External identifiers / databases
CAS number 110-16-7
EC number 203-742-5
ECHA InfoCard 100.003.403
PubChem 444266
ChemSpider 392248
DrugBank DB04299
Wikidata Q42038
Molar mass 116.07 g mol −1
Physical state



1.59 g cm −3

Melting point
  • Decomposition> 135 ° C
  • 130.5 ° C
pK s value

1.9 and 6.5

safety instructions
GHS hazard labeling from  Regulation (EC) No. 1272/2008 (CLP) , expanded if necessary
07 - Warning


H and P phrases H: 302-315-319-335-317
P: 261-280-305 + 351 + 338
Thermodynamic properties
ΔH f 0

−789.4 kJ / mol

As far as possible and customary, SI units are used. Unless otherwise noted, the data given apply to standard conditions .

Maleic acid is the common name for cis -butenedioic acid (also called cis -ethylene dicarboxylic acid or toxilic acid), a dicarboxylic acid . Their salts are called male (in) ate. The isomeric trans form is called fumaric acid .


Maleic acid was first obtained in 1834 from Théophile-Jules Pelouze by heating malic acid . The connection from 1919 was industrially accessible by those of the US company Barrett Co. introduced catalytic gas-phase oxidation of benzene . The name "maleic acid" is derived from malic acid (apple = Latin "malum").

In 1874 the spatial structure was derived from the chemical behavior - the anhydride formation .

Extraction and presentation

Maleic acid industrially by hydration of maleic anhydride at temperatures of 65-85 ° C.

Hydration of maleic anhydride to maleic acid at elevated temperatures

One works continuously in a stirred tank reactor and keeps the temperature in a constant range. This allows the formation of the isomeric fumaric acid to be reduced to less than 0.1%.


Physical Properties

Maleic acid forms colorless crystals at room temperature. Decomposition is observed on heating above 135 ° C. It is readily soluble in water and reacts strongly acidic in it: the biprotonic acid has a pKa 1 of 1.9 and a pKa 2 of 6.5. The compound dissolves very well in water, the solubility increasing sharply with increasing temperature.

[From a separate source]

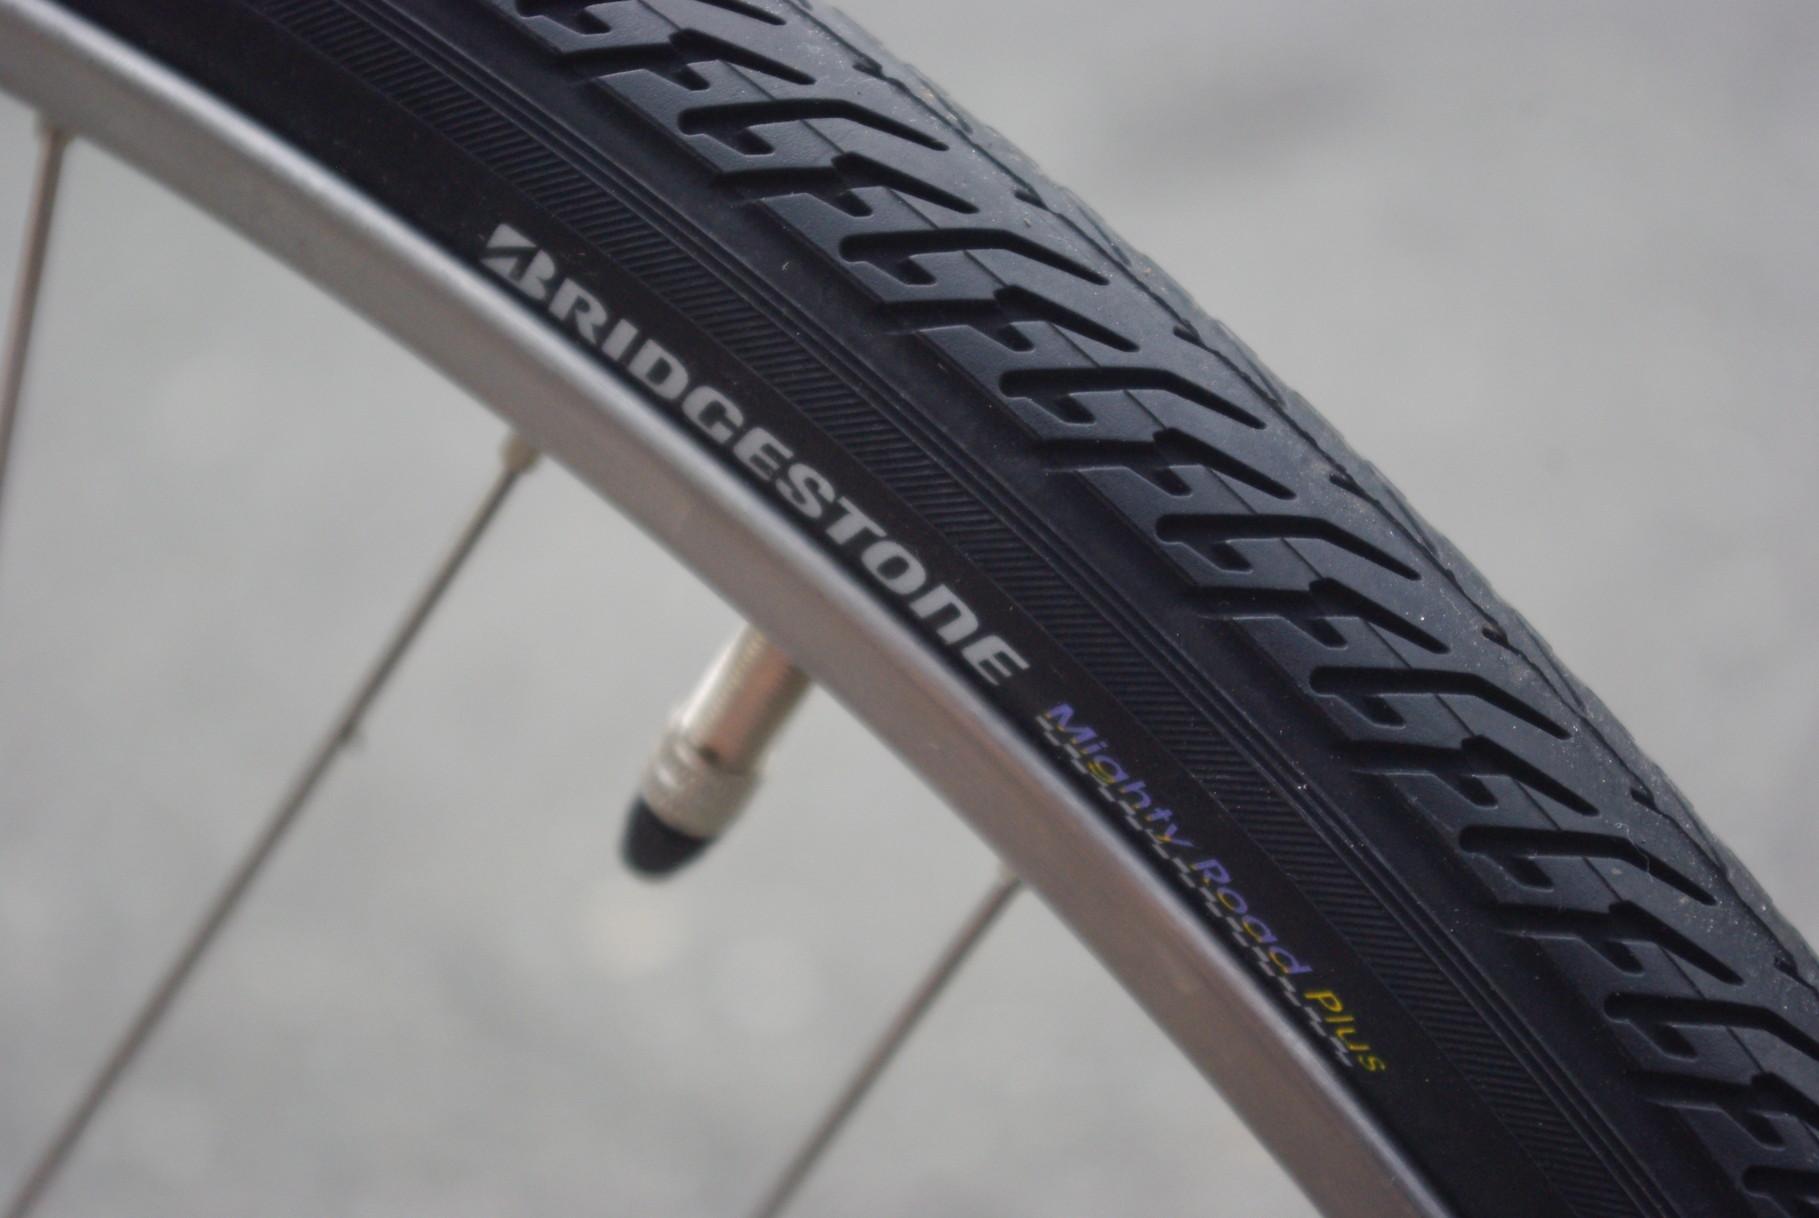 耐突き刺しパンク性能が非常に高いマイティロード・プラスタイヤを装備。チューブも肉厚1.5mmのウルトラスーパーチューブです(通常の肉厚は0.8mm)
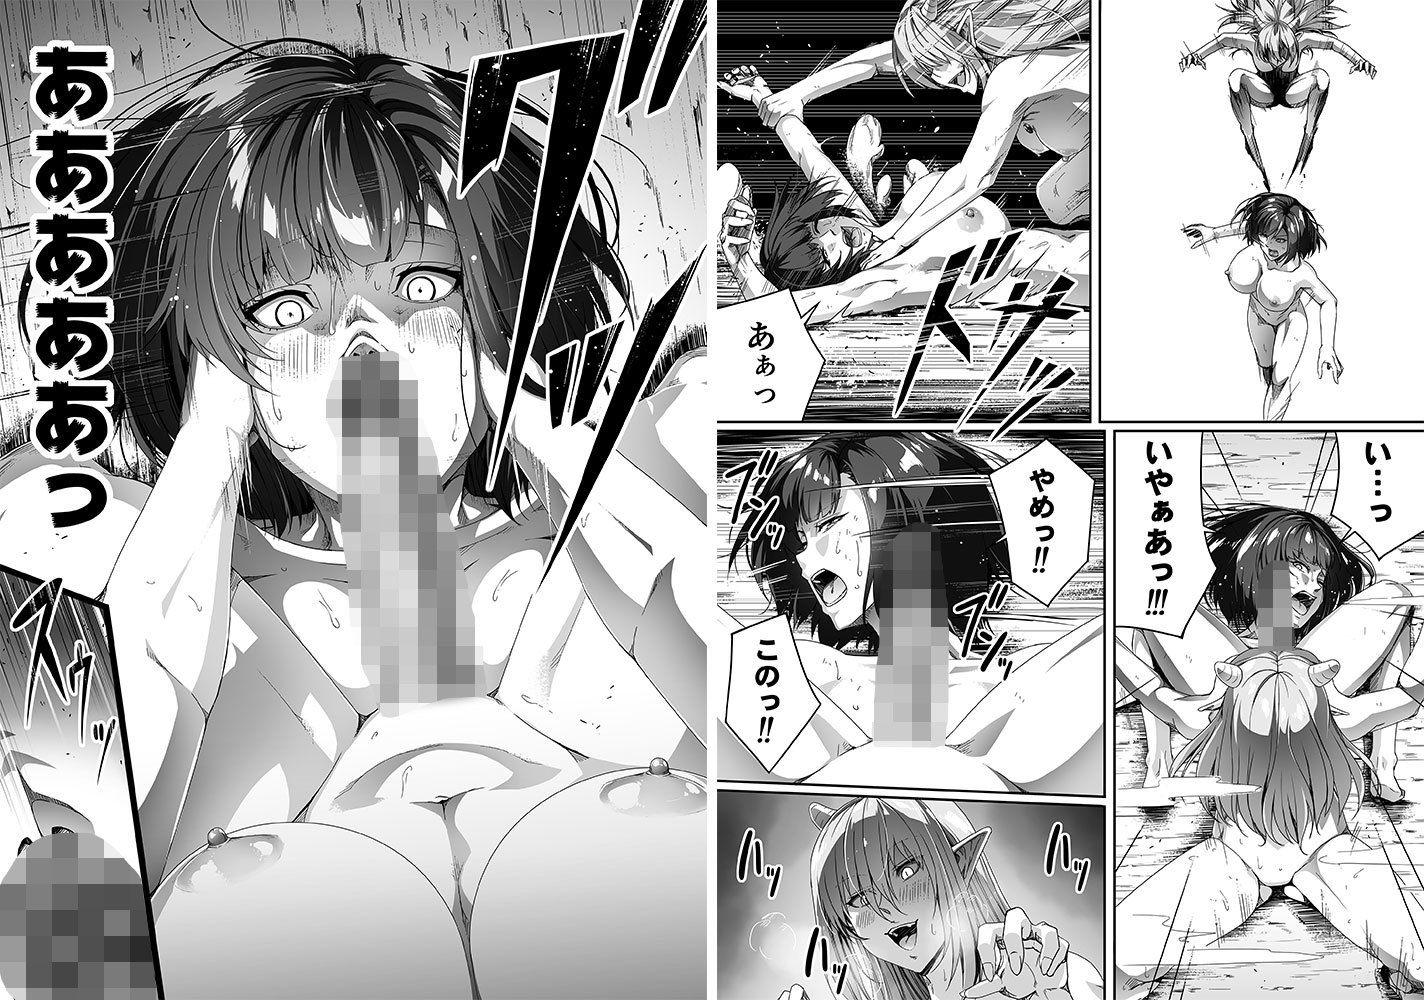 力あるサキュバスは性欲を満たしたいだけ 1【同人エロ漫画】(Road=ロード=)10

Solubility of maleic acid in 100 g of water
temperature in ° C 25th 40 60 97.5
solubility in g per 100 g 78.9 112.3 148.8 392.6

The molar enthalpy of formation is −788.3 kJ mol −1 , the heat of combustion −1358.9 kJ mol −1 . A value of 135.6 J · mol −1 · K −1 or 1.17 J · g −1 · K −1 was determined for the heat capacity at 21 ° C.

Chemical properties

Maleic acid is chemically very reactive with regard to reactions of the carbonyl functions and the double bond. When heated to temperatures above 100 ° C, it changes into maleic anhydride with elimination of water. When dissolved in water, the anhydride then forms maleic acid again. With further heating and with the aid of catalysts, decarboxylation to acrylic acid can be achieved. With prolonged heating to 150 ° C and with UV irradiation, the maleic acid isomerizes to the more stable fumaric acid . All typical carbonyl reactions such as esterifications or aminations can be carried out with maleic acid . However, no acid chloride is formed. Addition of water to the double bond at elevated temperature and increased pressure results in the malic acid, the addition of halogens Dihalogenbernsteinsäuren, a catalytic hydrogenation , the succinic acid . By reaction with ozone is glyoxylic received. When malic acid is heated quickly to 250 ° C, these 2 molecules of water are split off, forming maleic anhydride.

Physiological properties

Maleic acid and its salts are harmful to the kidneys if higher doses are taken orally. This property is used, for example, in the animal model of the color rat to produce the symptoms of De Toni Fanconi syndrome . The proximal tubular cells are specifically damaged. The doses required to induce renal dysfunction are in the range of 200 mg / kg body weight for intraperitoneal administration.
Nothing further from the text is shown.